● YOUR ASSIGNMENT
Return the records exactly as they stand, and keep the pictures out of the copy.

= = =

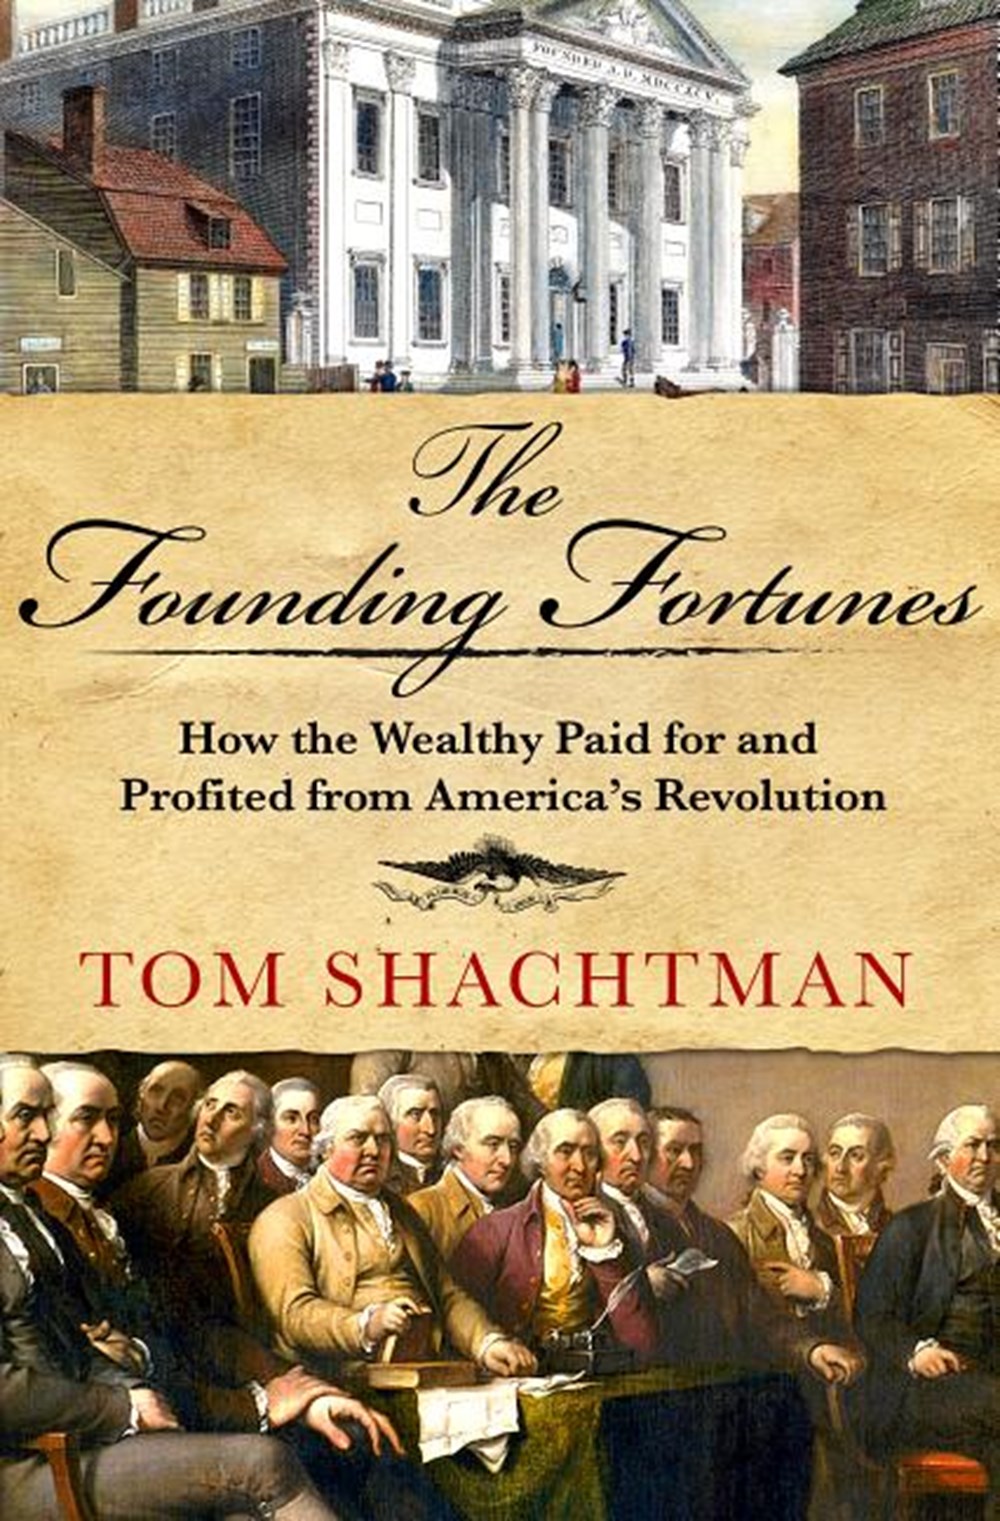 Founding Fortunes: How the Wealthy Paid for and Profited from America's Revolution
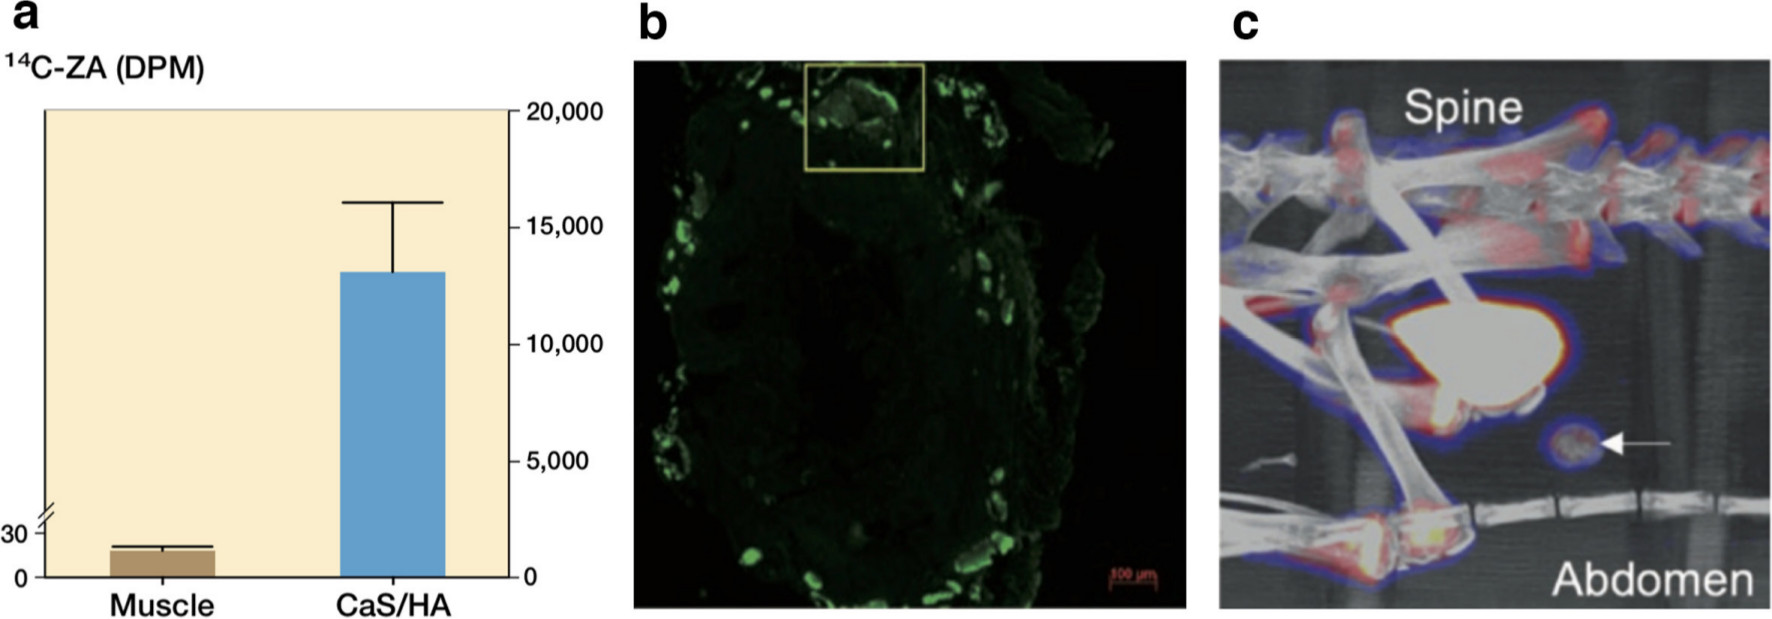 Fig. 3 
          Hydroxyapatite (HA) as a recruiting platform for systemically circulating drugs in rats. a) Uptake of 14C-zoledronic acid (ZA) in a pellet of calcium sulphate (CaS)/HA implanted in the abdominal muscle pouch. ZA was injected subcutaneously, two weeks post-implantation of CaS/HA biomaterial and animals were euthanized 24 hours later. b) and c) show the uptake of antibiotic tetracycline (injected subcutaneously) and radioactive tracer 18F (intravenous injection) in a pellet of CaS/HA biomaterial placed in the abdominal muscle pouch. Tetracycline uptake was measured using fluorescence microscopy while 18F uptake was accessed using positron emission tomography-CT. Figure has been modified from Raina et al.28
        
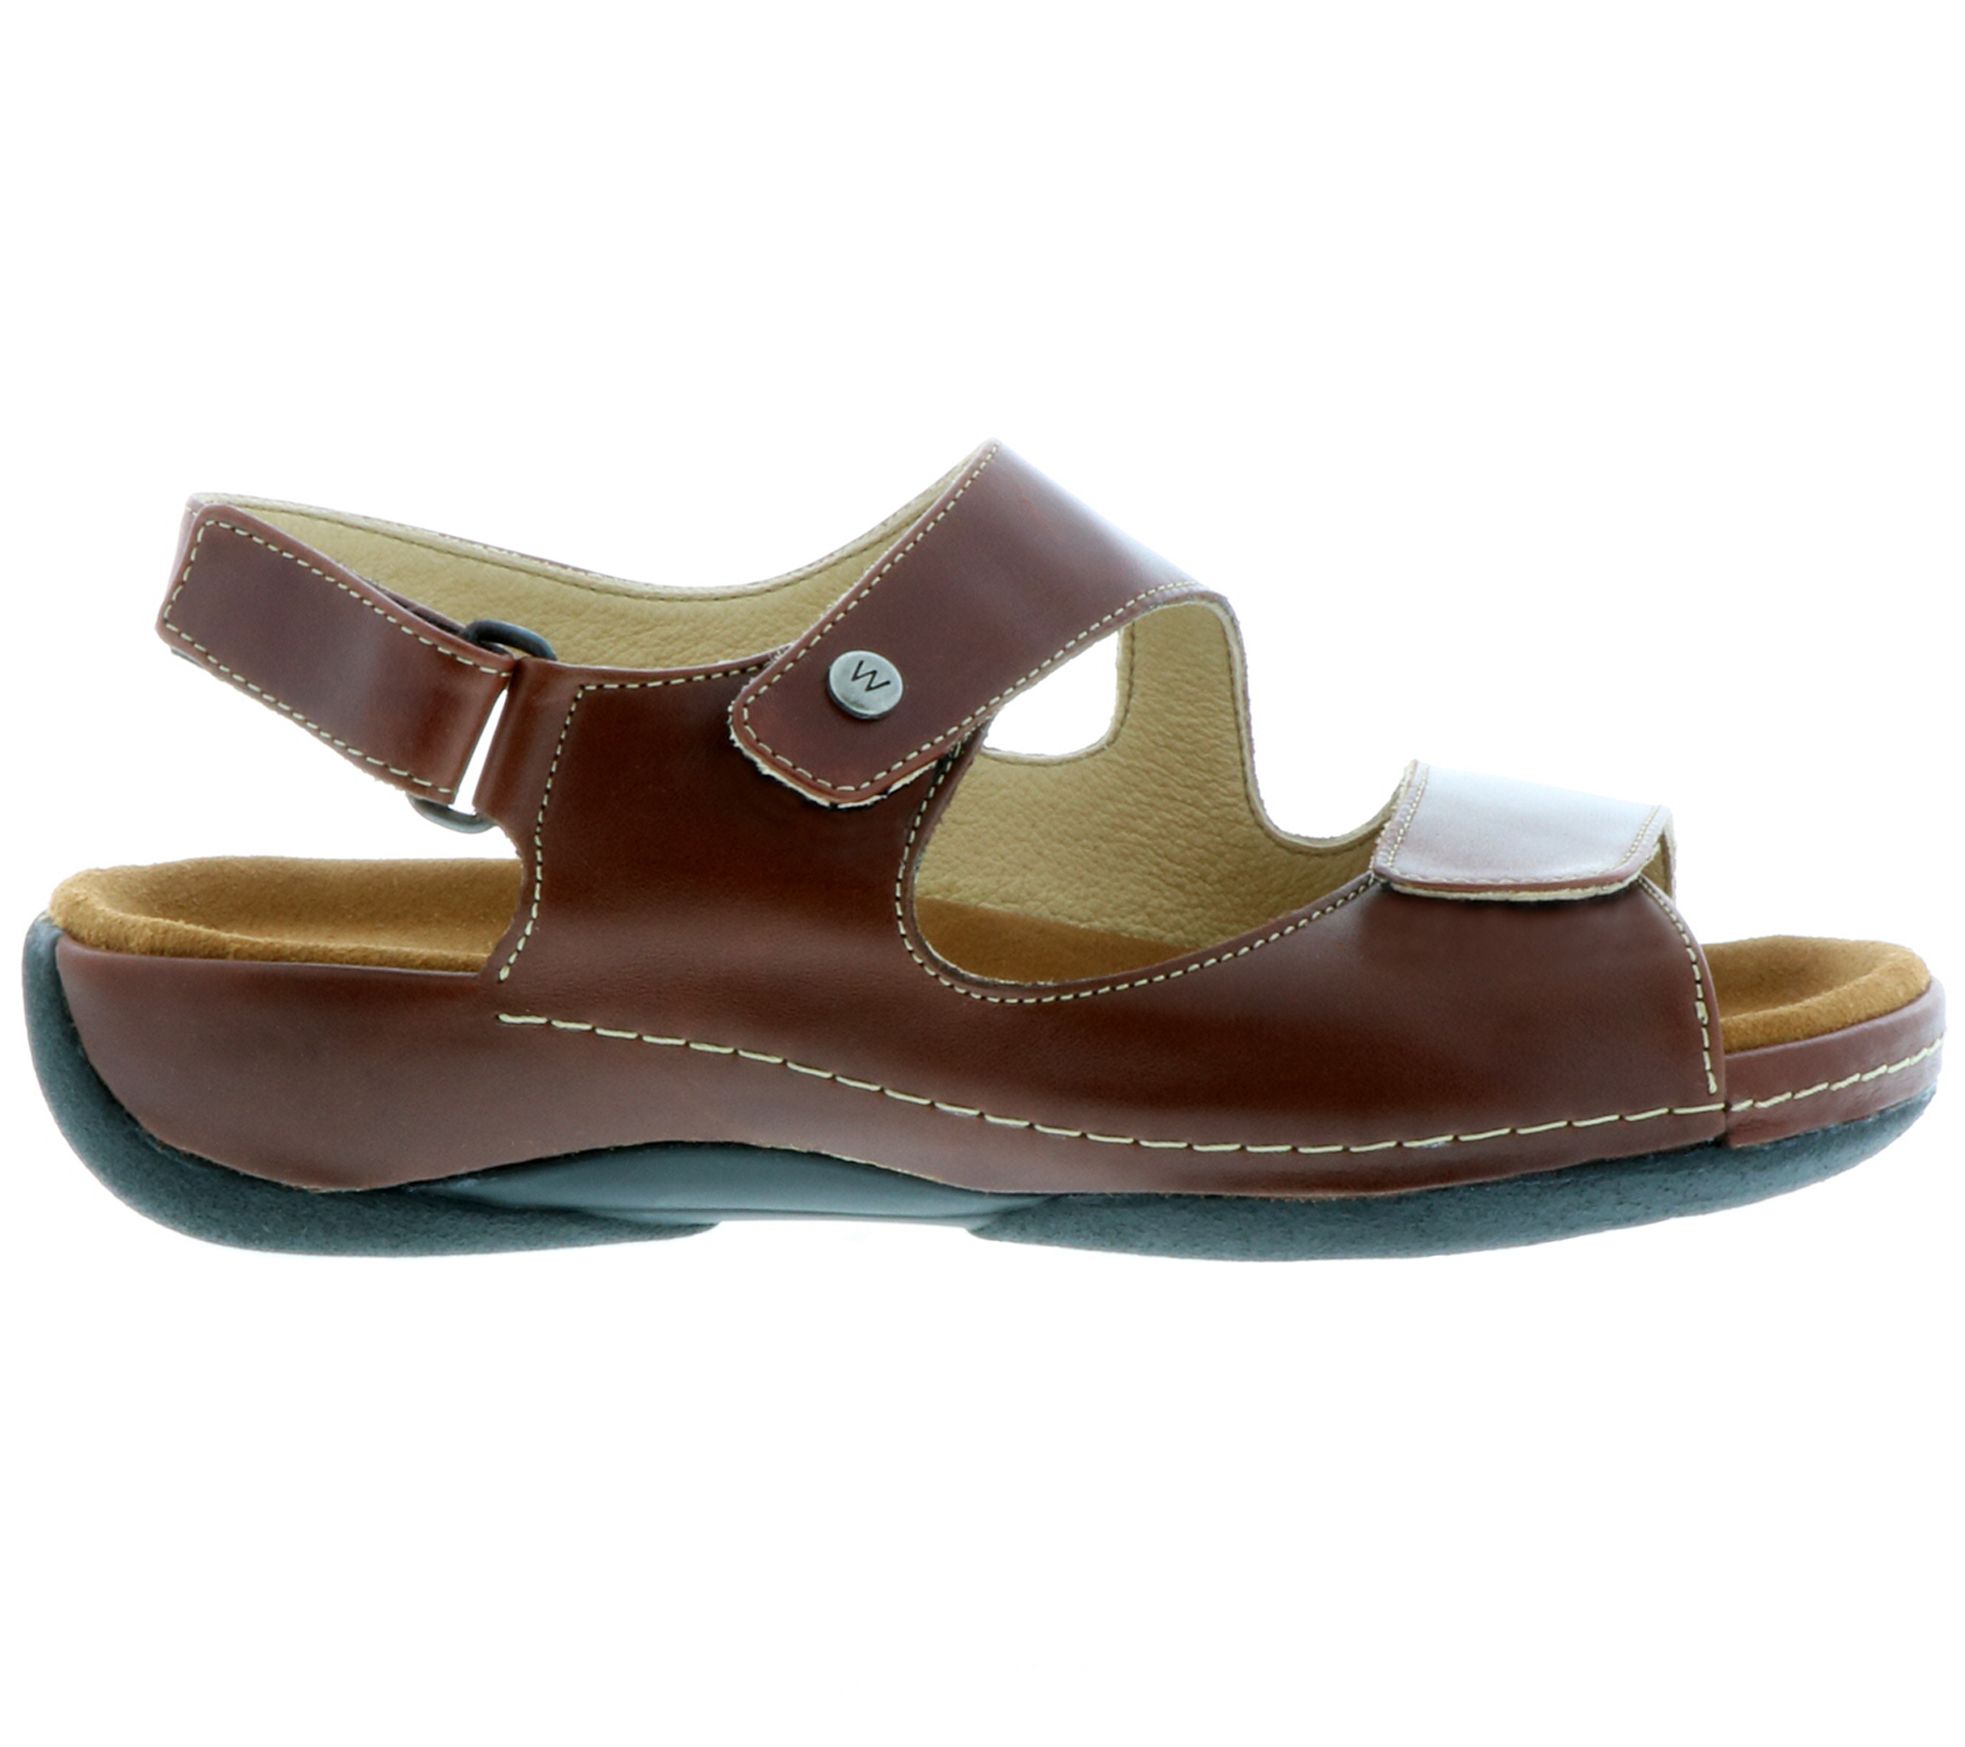 Wolky Double Strap Leather Sandals - Liana - QVC.com
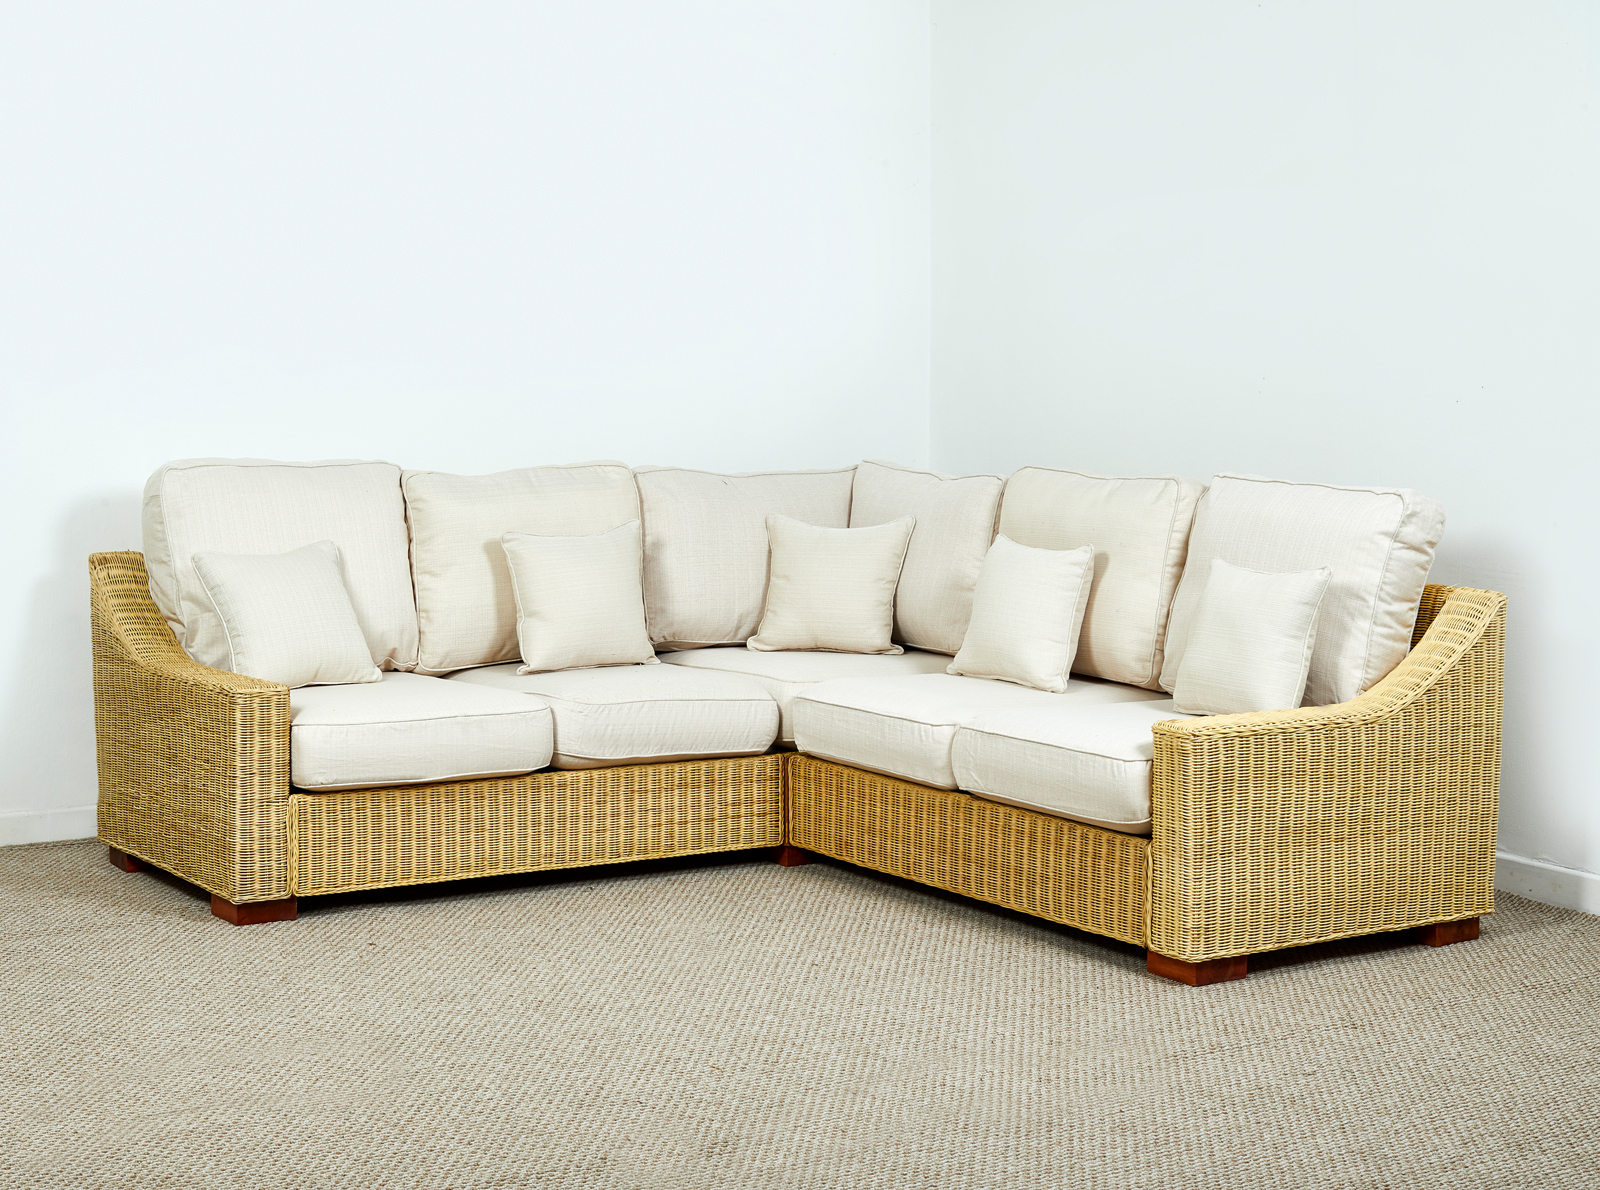 wicker sofa bed for sale

= = =

● WRITTEN RESPONSE
 Founding Fortunes: How the Wealthy Paid for and Profited from America's Revolution
 Fig. 3 
          Hydroxyapatite (HA) as a recruiting platform for systemically circulating drugs in rats. a) Uptake of 14C-zoledronic acid (ZA) in a pellet of calcium sulphate (CaS)/HA implanted in the abdominal muscle pouch. ZA was injected subcutaneously, two weeks post-implantation of CaS/HA biomaterial and animals were euthanized 24 hours later. b) and c) show the uptake of antibiotic tetracycline (injected subcutaneously) and radioactive tracer 18F (intravenous injection) in a pellet of CaS/HA biomaterial placed in the abdominal muscle pouch. Tetracycline uptake was measured using fluorescence microscopy while 18F uptake was accessed using positron emission tomography-CT. Figure has been modified from Raina et al.28
        
 Wolky Double Strap Leather Sandals - Liana - QVC.com
 wicker sofa bed for sale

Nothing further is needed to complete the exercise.